Nero's, as well as those on most all-in-one DVD edit/encode/author software are crap. The one that comes with Premiere is actually very good, but I prefer CinemaCraft Encoder Basic available at Visible Light for a mere $58. (Understand that the full version retails for over $2500 and has been used on commercial DVDs for many years.) It's not only quite good, but it's very fast. And it will plug directly into Premiere so you don't have to save that 19 GB intermediate AVI (or go through the associated additional encode/decode cycle, which also degrades the quality).
After encoding, you must author your DVD. Adobe's Encore is good, but at $350, it's pretty expensive. I recommend DVD-Lab, the standard version of which is only $99.
Both of these are available for trial download, so you don't have to take my word for it.
Note that for audio, you can use MP2 for PAL destinations, even for commercial DVDs, and CCEB will do this for you. But for NTSC destinations, MP2 is not required to be supported by the players. You'll need to obtain a DolbyDigital (AC3) encoder, which is a different story (or you can use PCM, but this would force you to use a lower bitrate on the video, which would degrade the quality, so I don't recommend it).
Xesdeeni
There are 3 simple rules not to lose quality:
7 .html ). If the program allows it, select also "progressive scanning" option. Near all TVs,DVD players support it. It becomes dubbed as "480p"
1) Perform effects, fade in,fade out etc on non compressed source never overwriting it. E.g. use "edited.avi" as output file
2) Never upsample. E.g. don't convert to DivX, it is lossy, "final" format. Decide what media you will need and compress using regular TV specs, don't delete the source if you can. For example, if you want to output to NTSC/Progressive (which in case, camera is not HD), here is resolution specs. Anything lower loses quality, higher won't work.
648 x 486-->Standard NTSC ( http://www.strata.com/support/3dmanual/ch13/ch13_
3) Do not transcode. E.g. do not convert something to DivX (mpeg 4 variant) and re-convert it to Mpeg 2..

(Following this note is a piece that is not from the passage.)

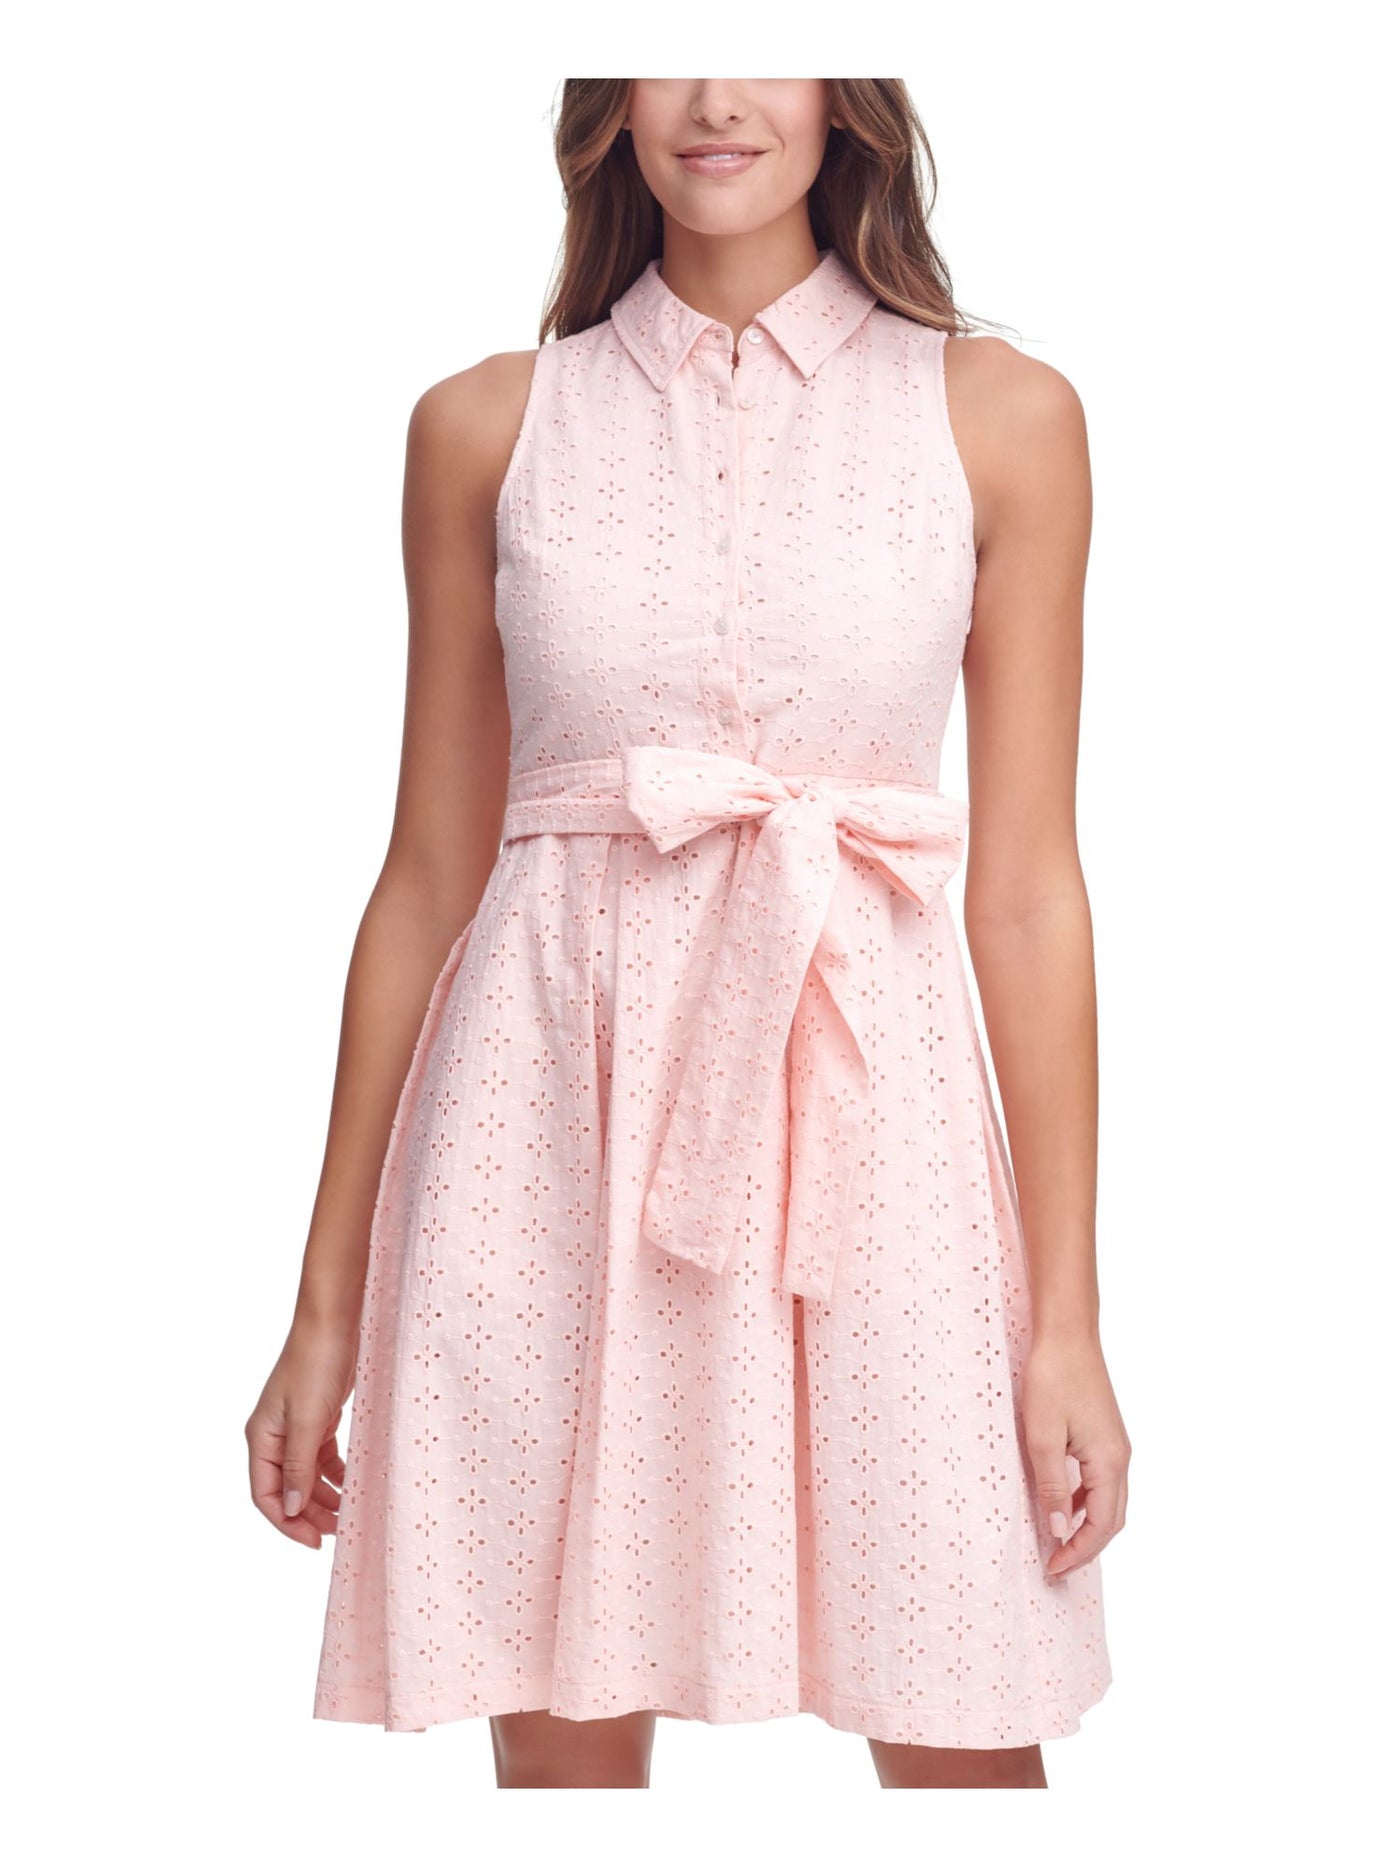 TOMMY HILFIGER Womens Pink Eyelet Zippered Pocketed Belted Buttoned Sleeveless Point Collar Above The Knee Party Shirt Dress Petites 8P

4) Always use "multi pass" encoding. Not only the result will be smaller, it will be better quality as the bandwidth is used wherever needed.
Your problem was, single layer DVD. As the output media lacks space , the program you used lowered quality to fit 4.7 gb media. You should use dual layer DVD or 2 DVDs (which seems like bad idea)
I am on Mac so I really forgot/don't watch Windows/Linux programs but there is one program I can blindly suggest: TGMpegEnc. I have even seen it used in purely professional production work on windows based studios. Don't let its "plain" look trick you. It is a very advanced solution which I heard "basic" version is free.